▶ **EXERCISE BRIEF**
Quote all of the data that follows exactly as written, skipping the images.

▶ **DATASET CONTENT**

------

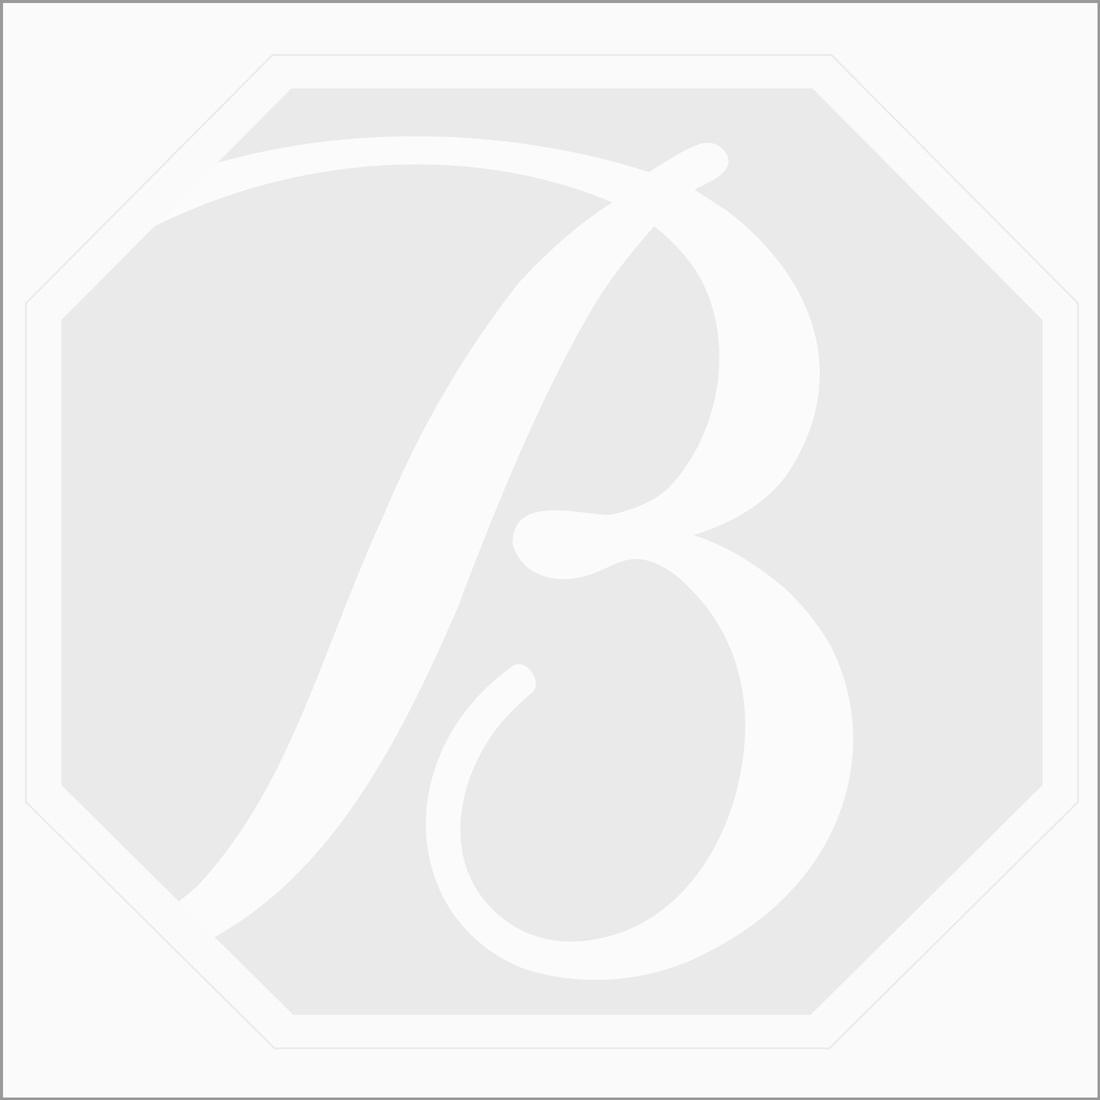 Black Cubic Zirconia Star Earrings in 925 Sterling Silver
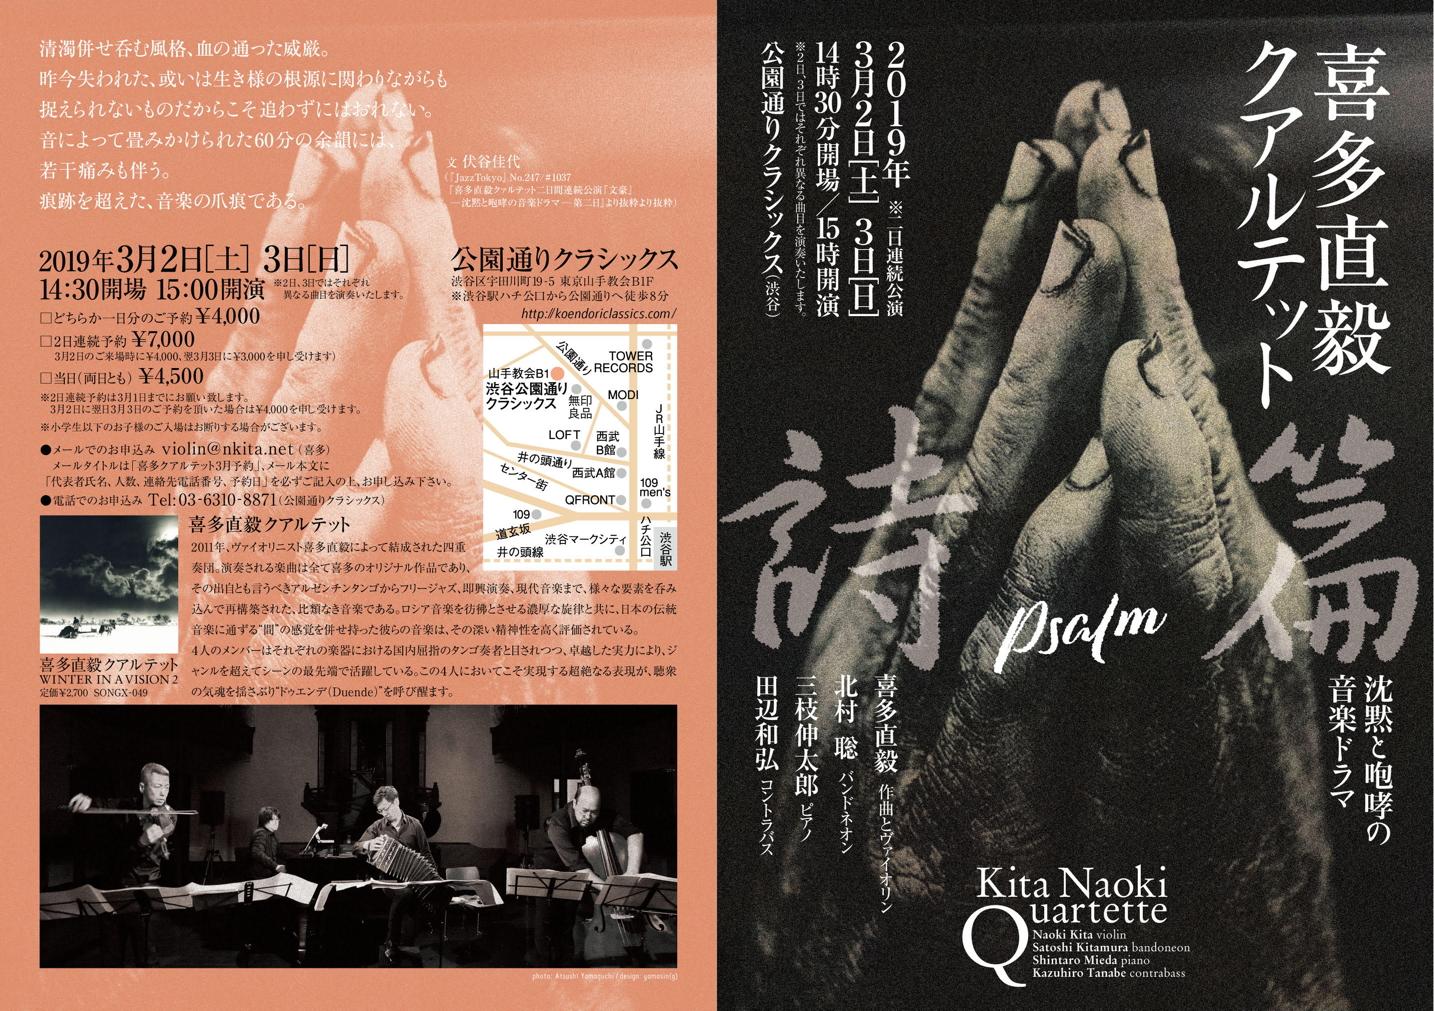 喜多直毅クアルテット 沈黙と咆哮の音楽ドラマ「詩篇 psalm」
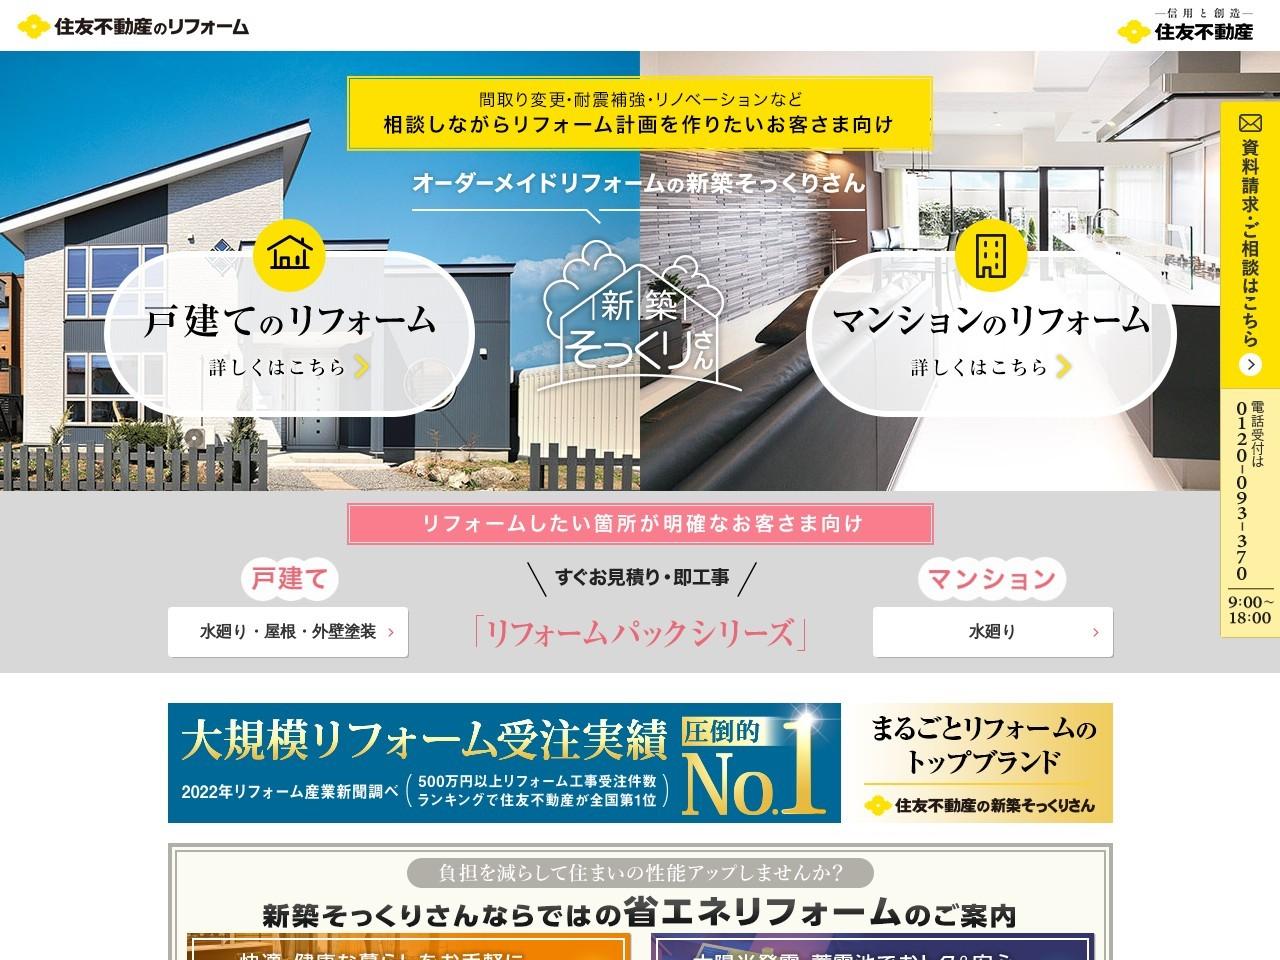 住友不動産株式会社新築そっくりさん秋田
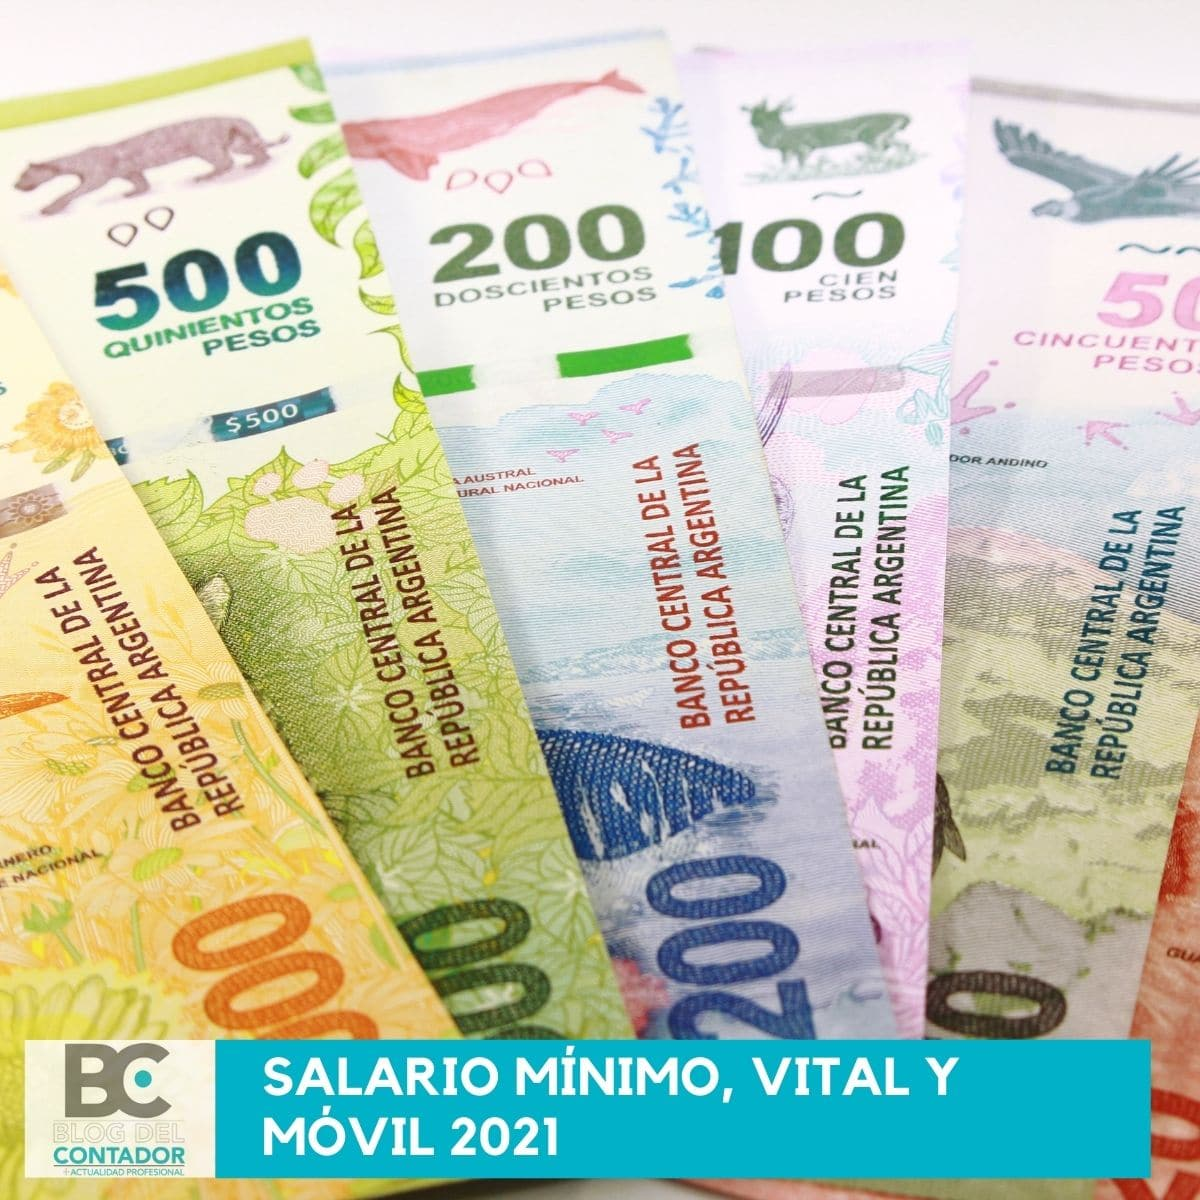 Salario Mínimo, Vital y Móvil 2021
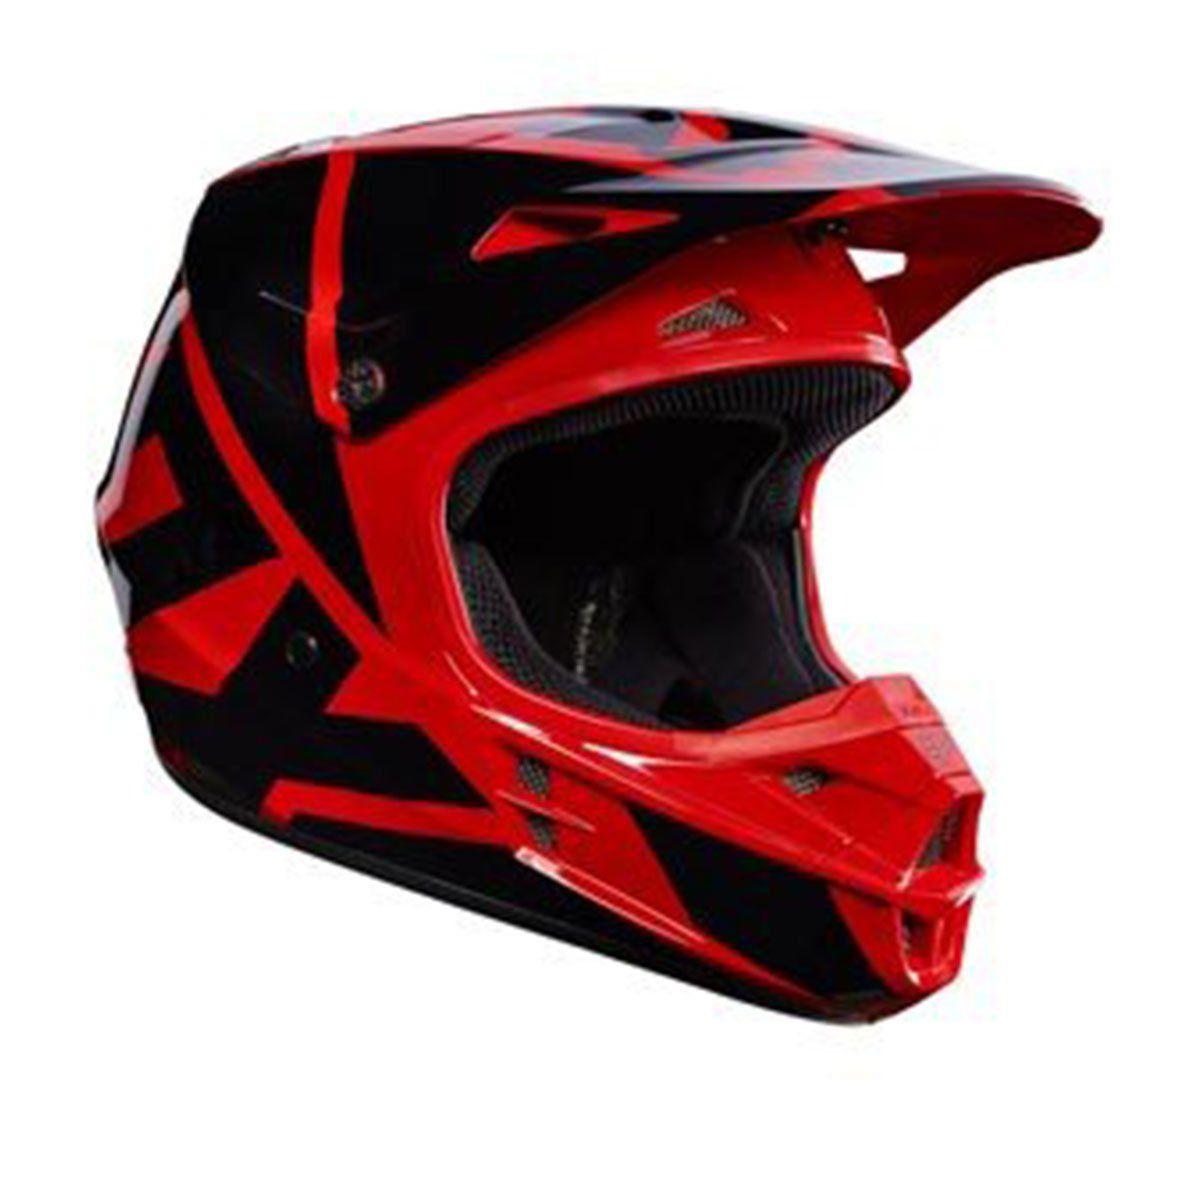 Capacete de Motocross Fox V1 Race Red

------

▶ **TASK OUTPUT**
 Black Cubic Zirconia Star Earrings in 925 Sterling Silver
 喜多直毅クアルテット 沈黙と咆哮の音楽ドラマ「詩篇 psalm」
 住友不動産株式会社新築そっくりさん秋田
 Salario Mínimo, Vital y Móvil 2021
 Capacete de Motocross Fox V1 Race Red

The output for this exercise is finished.